3.1.3. Report on the Ascending Mine Waters at Gesenk 2. Sohle

The milieu parameters at Gesenk 2. Sohle show minimal variation. The obtained mine water at this location maintains a circumneutral pH, oxidized redox potential, and an EC of 0.6 mS/cm. The concentrations of Al, Mn, and Zn appear to exhibit a gentle decreasing trend, while Fe and Mn are prone to slightly higher fluctuations. Notably, the concentration of As remains stable. Al, Mn, Sr, and Zn are found in a dissolved state, while Fe is predominantly present in a colloidal form. Approximately one-third of the arsenic exists in a dissolved state.

3.1.4. Characteristics of the Mine Water at the Portal of the Dewatering Gallery Tiefer Sauberger Stolln

The water’s pH is slightly above 7, the redox potential indicates a moderately oxidized environment, and the electrical conductivity is low. Except for Fe, the other metals and As predominantly exist in a dissolved form. There is no discernible overall trend in the concentrations of these elements. The median total As concentration here is 0.38 mg/L, whereas at Gesenk 2. Sohle, it is 0.25 mg/L.
During the sampling campaigns, it was apparent that Wilisch Creek, which flows somewhat parallel to the course of the TSS gallery, sometimes disappears in its riverbed underground. It was noted that it disappears sometimes closer to the portal of the TSS gallery, sometimes further south of the portal, and sometimes, the creek flows as usual and joins with the gallery outflow a few tenths of meters away from the portal.
Moreover, a chemical resemblance between the gallery outflow and the creek has been noticed, where the courses of earth’s alkaline elements, including sulfate, chloride, Al, and Fe, were very similar. Thus, it has become evident that Wilisch water seeps into the gallery and “dilutes” the mine water.
The As concentration in Wilisch corresponds to the geogenic background levels of the area (0.06 mg/L). Therefore, between the winze of ascending mine waters (Gesenk 2. Sohle) and the TSS portal, infiltrating Wilisch water can be held responsible for the increased water throughput in the gallery but cannot be held responsible for the elevated As content in the mine water measured at the portal.

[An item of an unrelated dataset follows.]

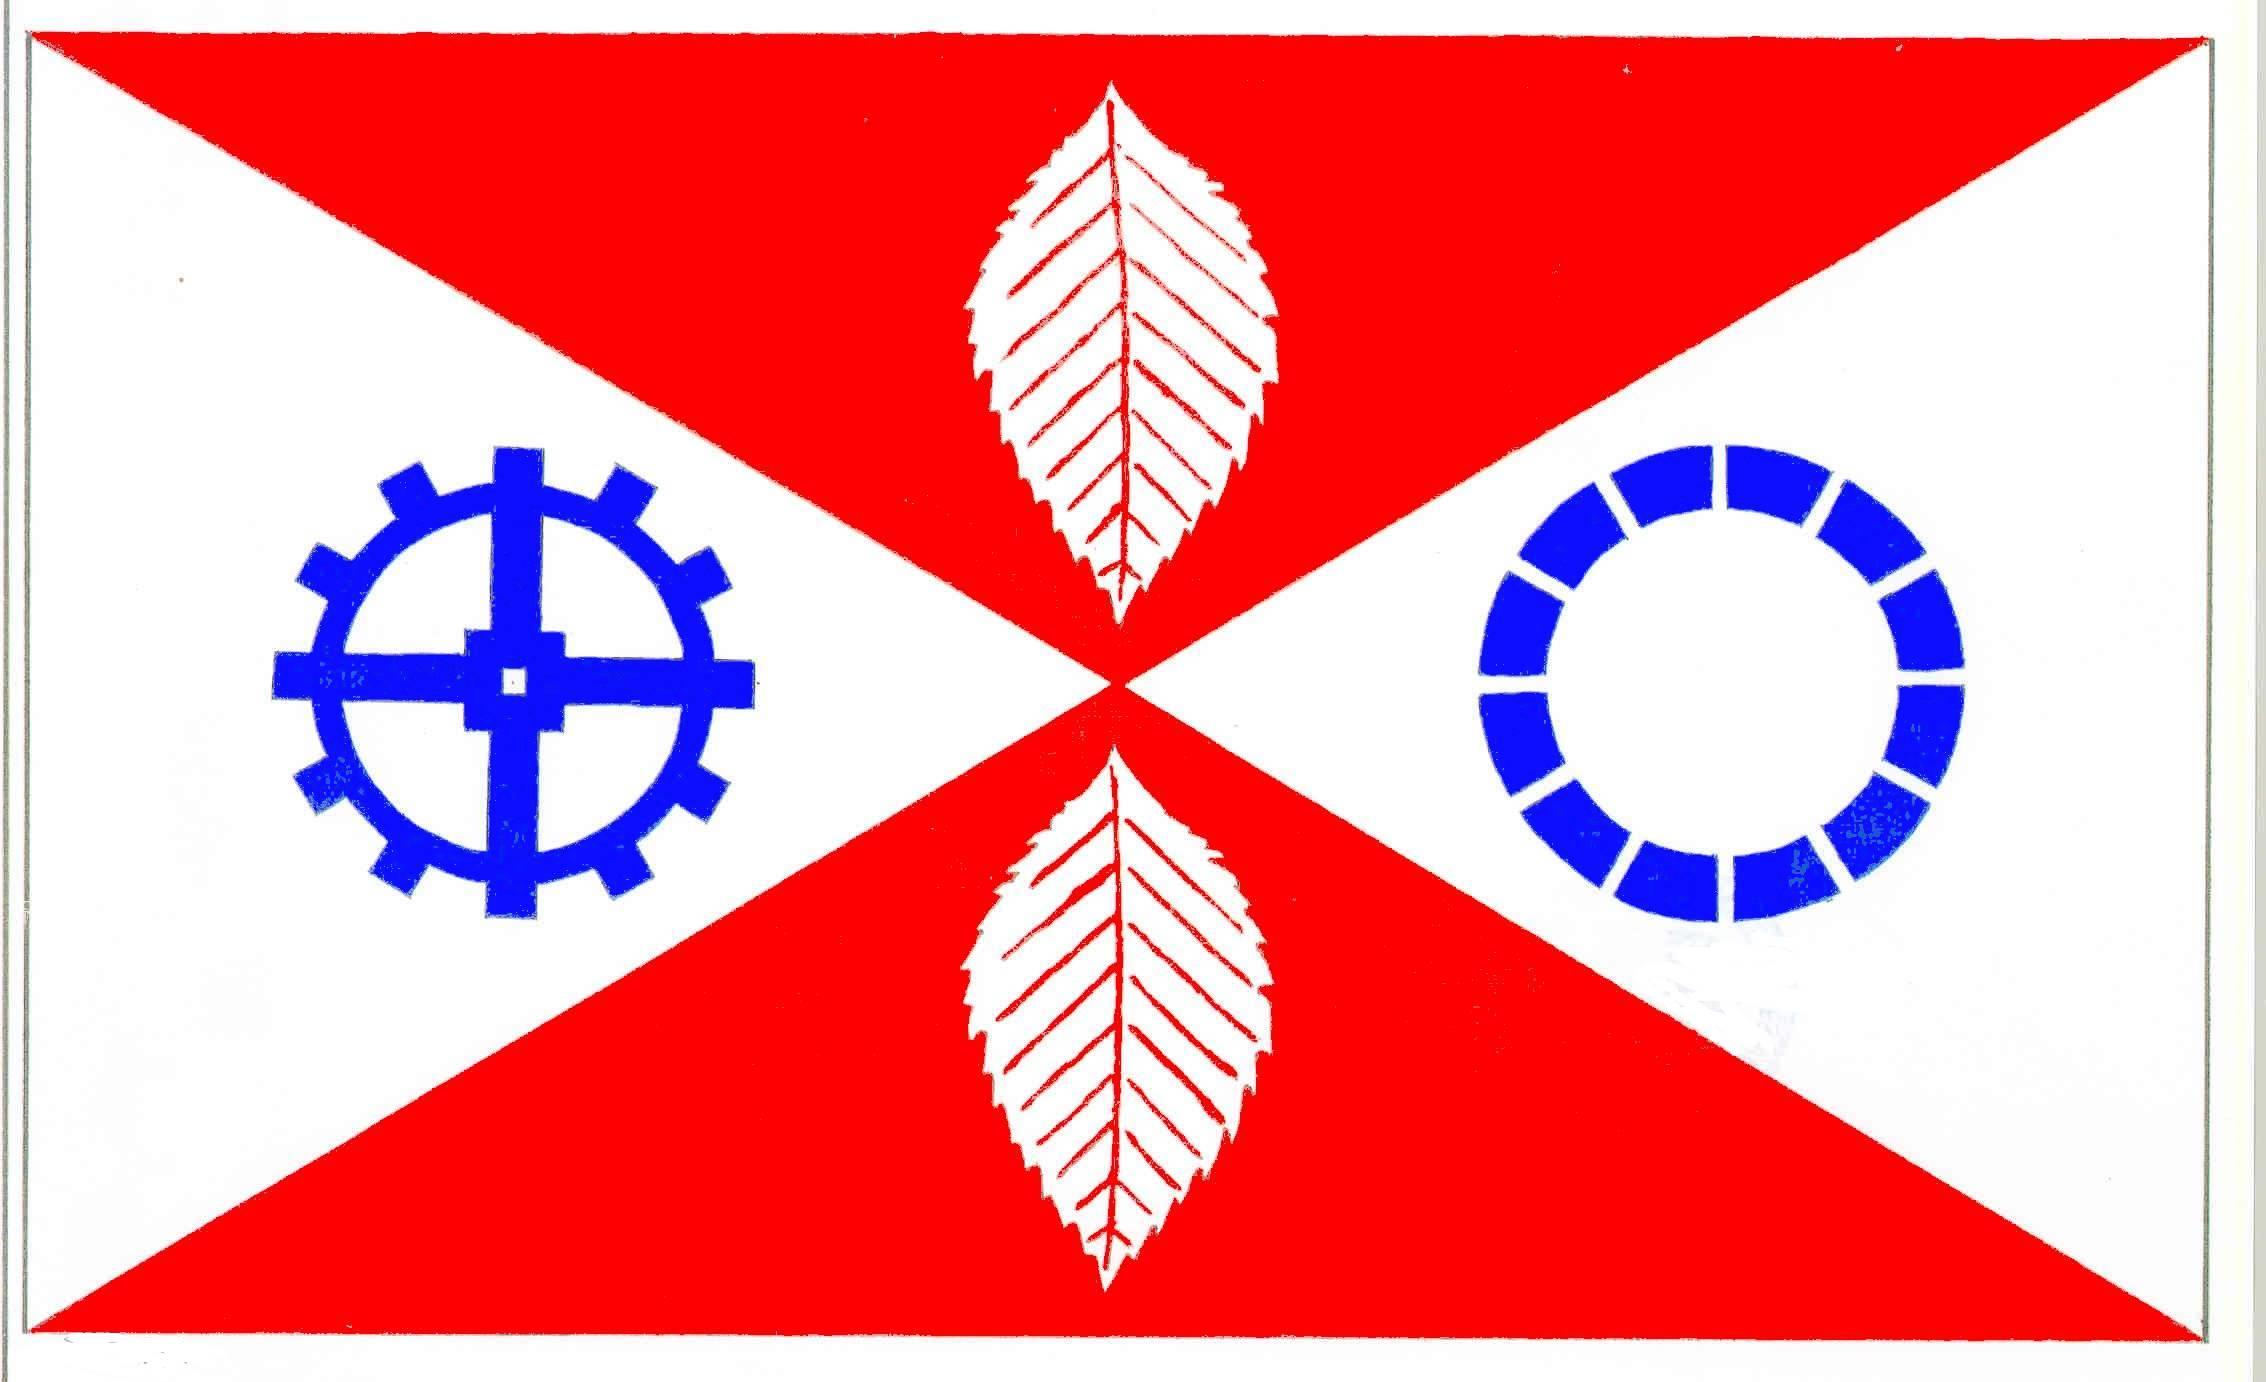 Flagge GemeindeGrebin, Kreis Plön

3.2. Hydrological Behavior of the Mine System

3.2.1. TSS Portal Water Discharge

To explore the mine’s response to local precipitation and climatic water balance, in Figure 4, we compare a representation of daily CWB with the daily average water discharge rate at the TSS portal.
From the beginning of the hydrological year 2021 (November 2020) until the beginning of the hydrological year 2023 (November 2022), the discharge rate at the TSS portal appears to mirror the overall pattern in the climatic water balance, with a short delay. Periods characterized by peak CWB values succeed after about 14 days by peaks in discharge at the portal, while periods with low to negative CWBs correspond to reduced water discharge at the portal.
In addition, we observed an intriguing phenomenon during the summer of 2022, characterized by a local minimum in climatic water balances (CWBs) and discharge, indicating an extended dry period. Shortly thereafter, a significant CWB peak suggested persistent and heavy precipitation; however, there was initially no change in water discharge at the portal. More than 6 weeks later, the water discharge abruptly increased within 2 days and then dropped to a minimum again despite positive CWBs (October–November 2022). It is hypothesized that during the dry period, the timbers used as fill and support material in galleries and raises may have dried up and deteriorated, leading to temporary clogging in a section of the Tiefer Sauberger Stolln (TSS) gallery or further inside the mine. Subsequent heavy rainfall likely caused the mine water to accumulate behind the barrier, and when the barrier gave way due to water pressure, the outflow from TSS increased abruptly and remained high for several days. The subsequent period of low discharge can be attributed to the refilling of voids in the structures above and within the TSS gallery.
The calculation of climatic water balance (CWB) represents the difference between precipitation and potential evapotranspiration; therefore, we must consider potential differences in a real scenario where actual evapotranspiration occurs. Calculating with potential evapotranspiration does not accurately account for factors like vegetation type, vegetation periods, or freeze periods. Consequently, discrepancies between CWB trends and mine discharge rates may emerge.
In Figure 4, we observe such discrepancies, e.g., in Apr–July 2021, where water discharge at the portal is low despite a positive CWB. Equally, during the winter months, especially with snow cover and freeze, anticipating high discharge rates is unrealistic as mine water forms at a slower rate.
Figure 5 additionally displays the freeze periods in the observed time period.
Notably, from December 2022 to March 2023, between freeze periods, water discharge rates rapidly increase while CWBs remain relatively stable. This observation suggests the potential mixing of mine water with surface water, a point we will explore further in the Discussion Section.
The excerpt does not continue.